时间:2016-08-01 19:36:37

标签: python pandas numpy random range

目前正在学习Python并且对Numpy&熊猫

我拼凑了一个带范围的随机发生器。它使用Numpy,我无法隔离每个单独的结果来计算我随机范围内的范围内的迭代。

目标:计算"随机> = 1000"的迭代次数。然后将1添加到与迭代计数相关的适当单元格中。非常基本的例子:

#Random generator begins... these are first four random generations
Randomiteration0 = 175994 (Random >= 1000)
Randomiteration1 = 1199 (Random >= 1000)
Randomiteration2 = 873399 (Random >= 1000)
Randomiteration3 = 322 (Random < 1000)

#used to +1 to the fourth row of column A in CSV
finalIterationTally = 4

#total times random < 1000 throughout entire session. Placed in cell B1
hits = 1
#Rinse and repeat to custom set generations quantity...

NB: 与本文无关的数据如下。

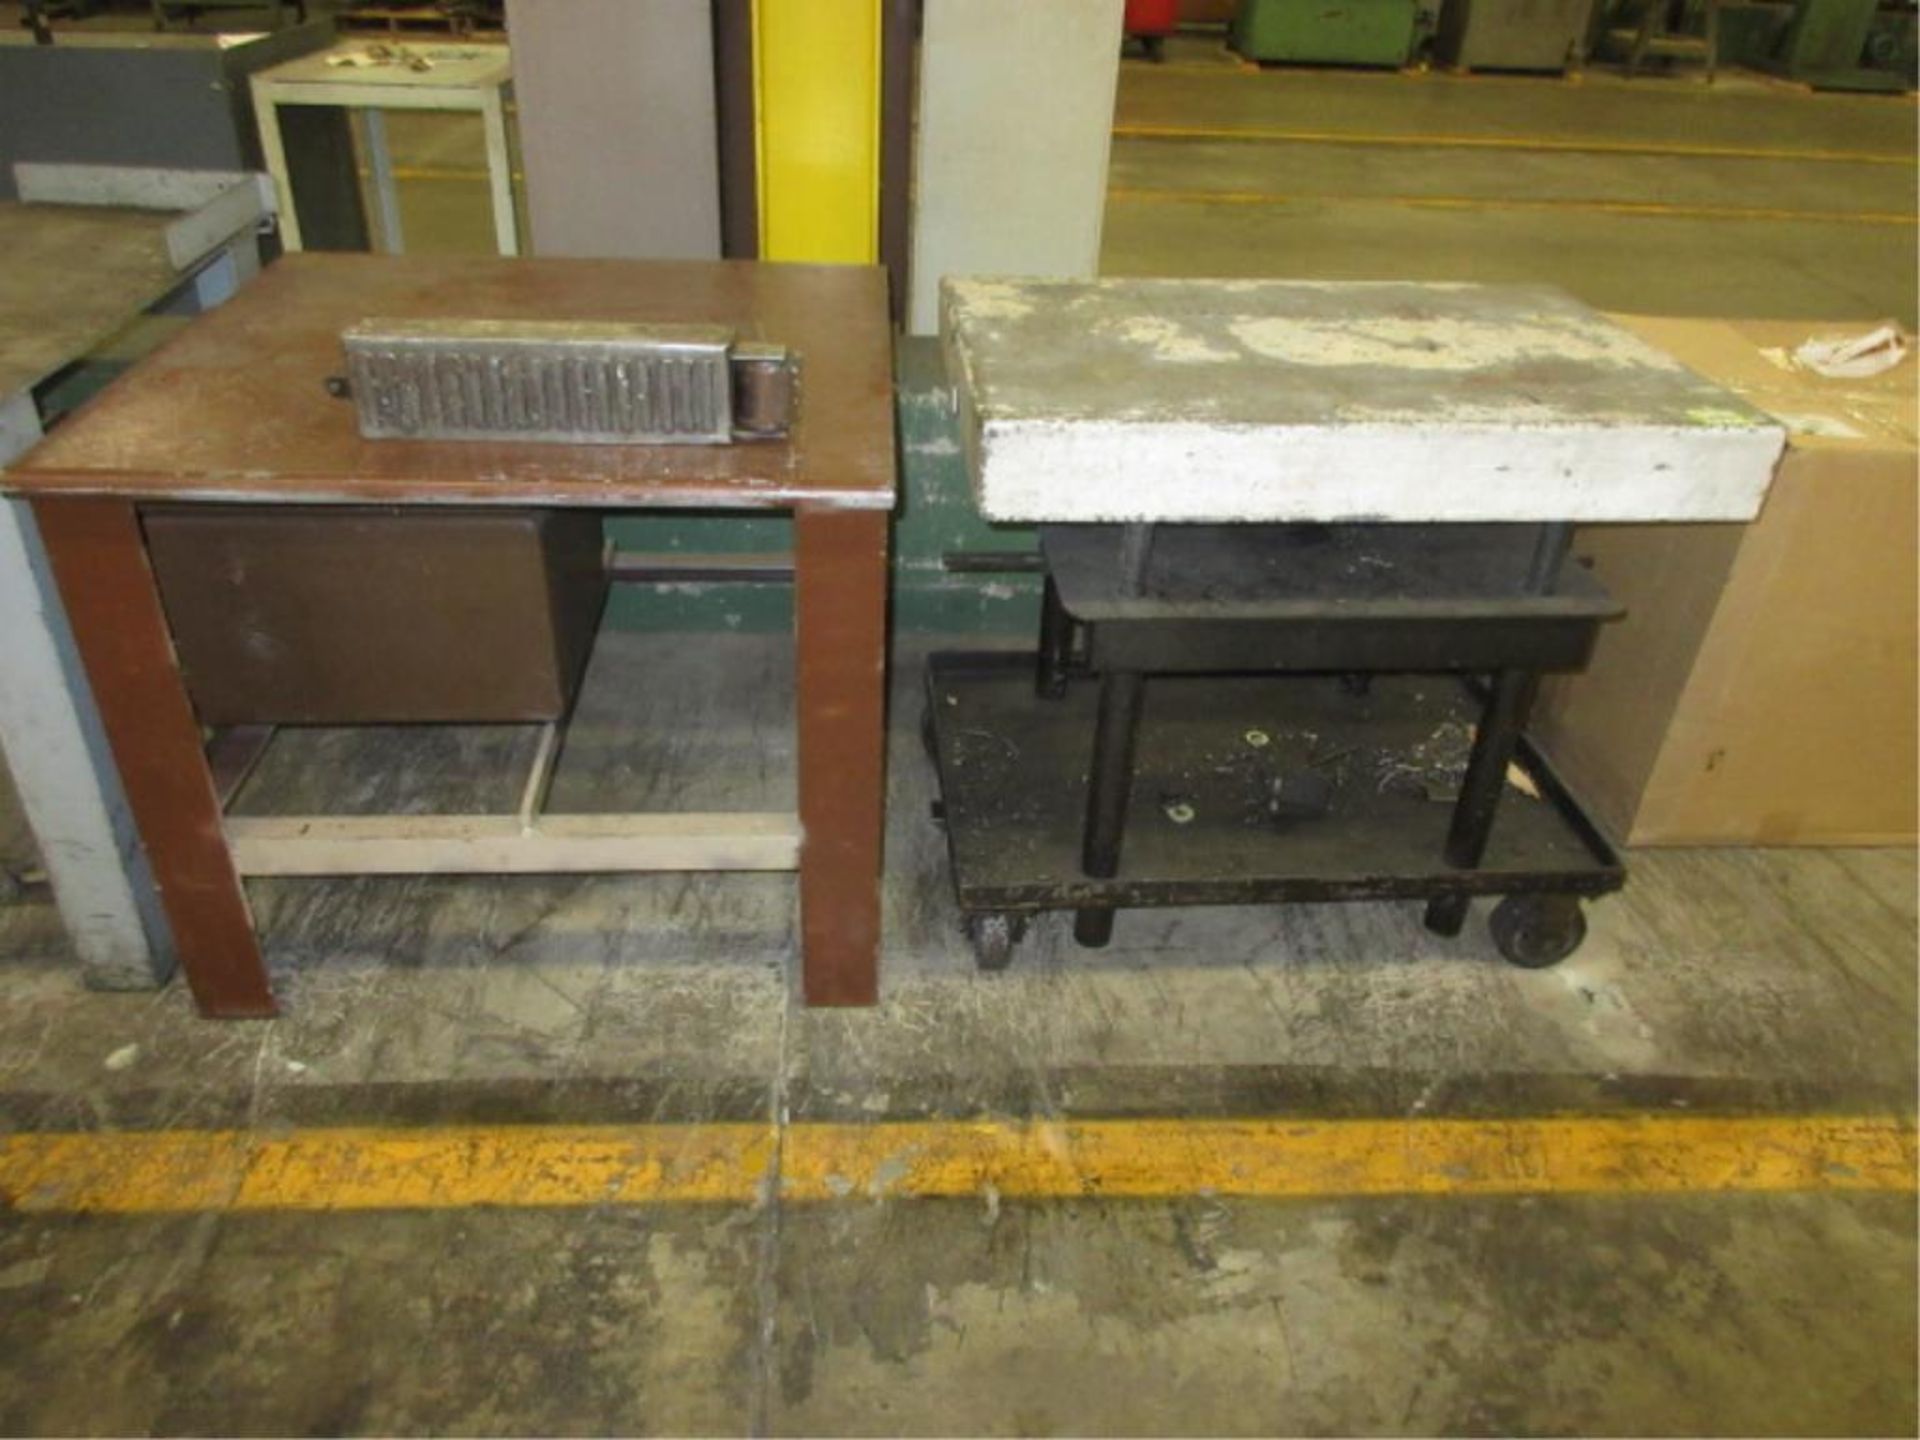 Shop Tables. Lot (7pcs) Heavy Duty Steel Shop Tables. HIT# 2179043. Loc: main floor. Asset Located - Image 2 of 5

(然后逻辑将是电子表格中的+1到A4。如果迭代计数为7,那么+1到A7等等。所以基本上,我测量距离和频率之间的距离每个&#34;命中&#34;)

我当前的代码包含CSV导出部分。我不需要再导出每个随机结果了。我只需要输出每次命中之间每个迭代距离的频率。这是我难倒的地方。

干杯

import pandas as pd
import numpy as np

#set random generation quantity
generations=int(input("How many generations?\n###:"))

#random range and generator
choices = range(1, 100000)
samples = np.random.choice(choices, size=generations)

#create new column in excel
my_break = 1000000
if generations > my_break:
    n_empty = my_break - generations % my_break
    samples = np.append(samples, [np.nan] * n_empty).reshape((-1, my_break)).T

#export results to CSV
(pd.DataFrame(samples)
 .to_csv('eval_test.csv', index=False, header=False))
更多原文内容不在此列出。